Is this the error?? Which windows are you using?

1635 This patch package could not be opened. Verify that the patch package exists and that you can access it, or contact the application vendor to verify that this is a valid Windows Installer patch package. ERROR_PATCH_PACKAGE_OPEN_FAILED

CLick below
http://support.microsoft.com/default.aspx?scid=KB;en-us;q229683


----------



## bandit429 (Feb 12, 2002)

Name = MSI Installer
Windows = 95, 98, ME
LocalPath = setup\en us\InstMsiA.exe
InternetPath = Target = [ TEMP]MSI\InstMsiA.exe
RegKeyExists_1 = HKEY_LOCAL_MACHINE\SYSTEM\CurrentControlSet\Services\MSIServer
FileVersion_1 = [ SYSTEM]msiexec.exe:>=:2.0.2600.2

Below is a link to the installer,,,,when you download check the save box and save it to your desktop and verify it.. I can make no promises that it will help as I can find absolutly no information. Backup before you start and I hope this helps.
please reply with the result, this is information that would help others.

Click Here


----------



## ~Candy~ (Jan 27, 2001)

Cath, I've merged your two threads dealing with the same subject, please keep replying back to this same thread.


----------



## Rollin' Rog (Dec 9, 2000)

To get the installer package to install, try renaming msiexec.exe, msiexec.bak and running it again.


----------



## Cath (Jul 13, 2002)

Rolling Rag: What do I re-name the 2 files as? msiexec.old? Do I just re-boot then?

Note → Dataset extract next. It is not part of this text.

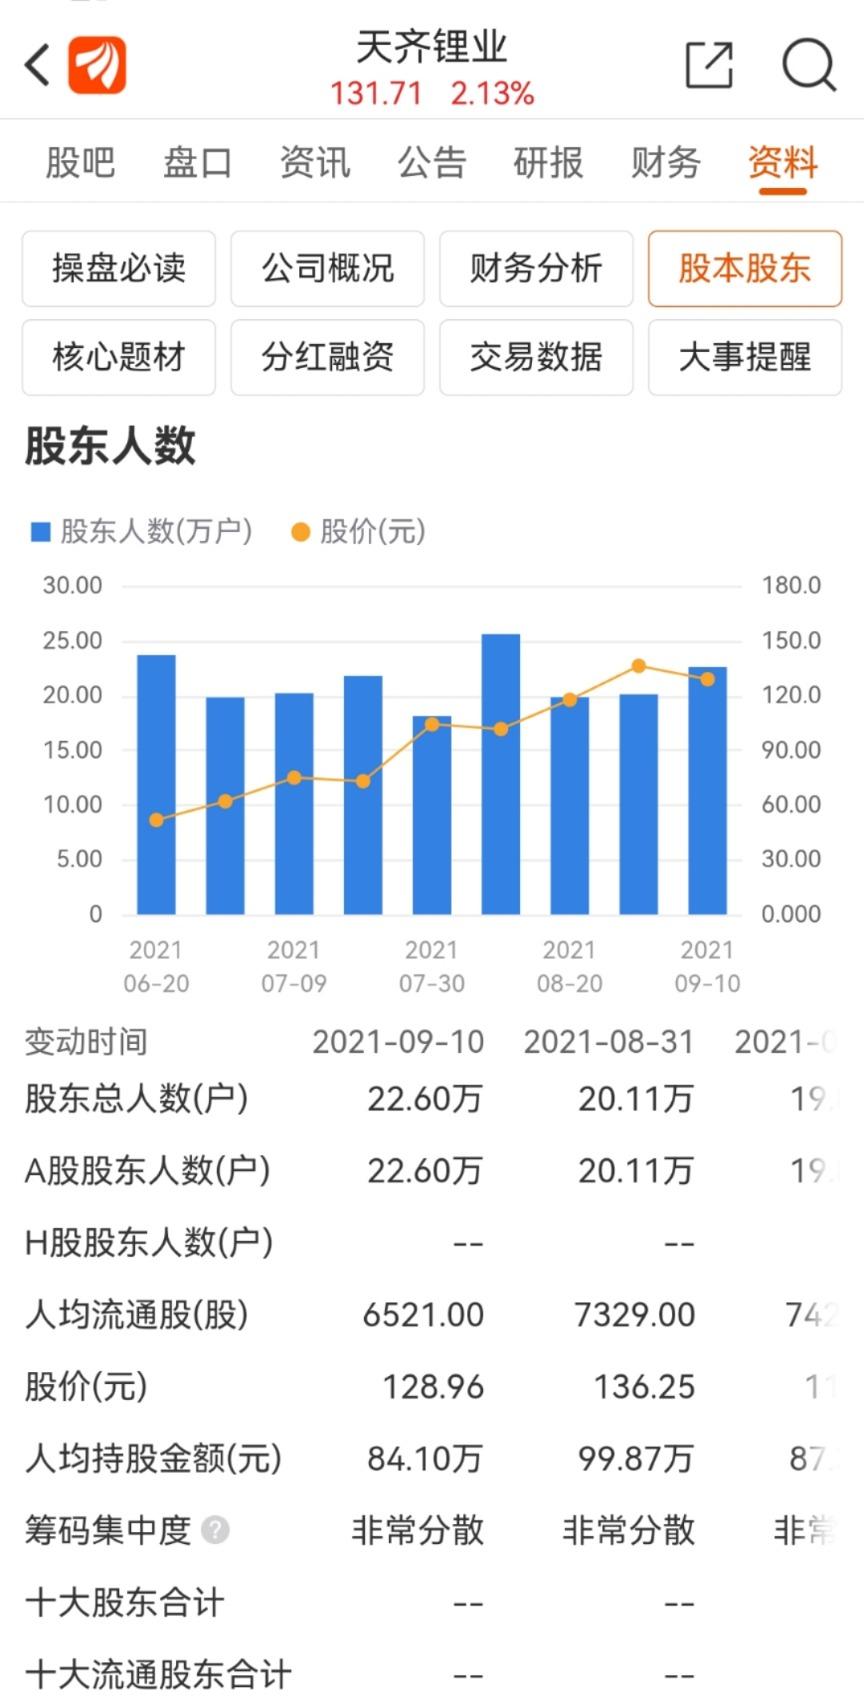 摩臣5平台锂业巨头重启H股上市 23万股东意念涨停!

Bandit - 429: I've already tried this download but it wouldn't install. I've tried 2 downloads with similar names - one won't install because the application already exists and the other won't install 'cos I'm on Win 98.

Last night I tried the repair command (as per an earlier reply). Going via "add/remove programmes" I'd already tried on Disc 1 (OFF 2000) (logical place to start, I thought!) but I got the same "patch packet" message. However when I tried it on Disc 2 it started to repair (before crashing). If I can do this again, would this automatically fix the installer problem?

Thanks

Cath


----------



## Rollin' Rog (Dec 9, 2000)

You only want to rename one file: *msiexec.exe*

Right click on that and rename it *msiexec.old*

If you still can't get the installer to reinstall after that, just rename it back to msiexec.exe so you will still have it.


----------



## Cath (Jul 13, 2002)

Rollin' Rog: I've done the re naming but it's made no difference. 

Cath


----------



## Rollin' Rog (Dec 9, 2000)

by "no difference" do you mean that you could not reinstall the " windows installer" or that did not correct the original problem

There is an installer "cleanup" utility that might resolve things. Unfortunately I have never used it, so I can't personally guide you through any pitfalls.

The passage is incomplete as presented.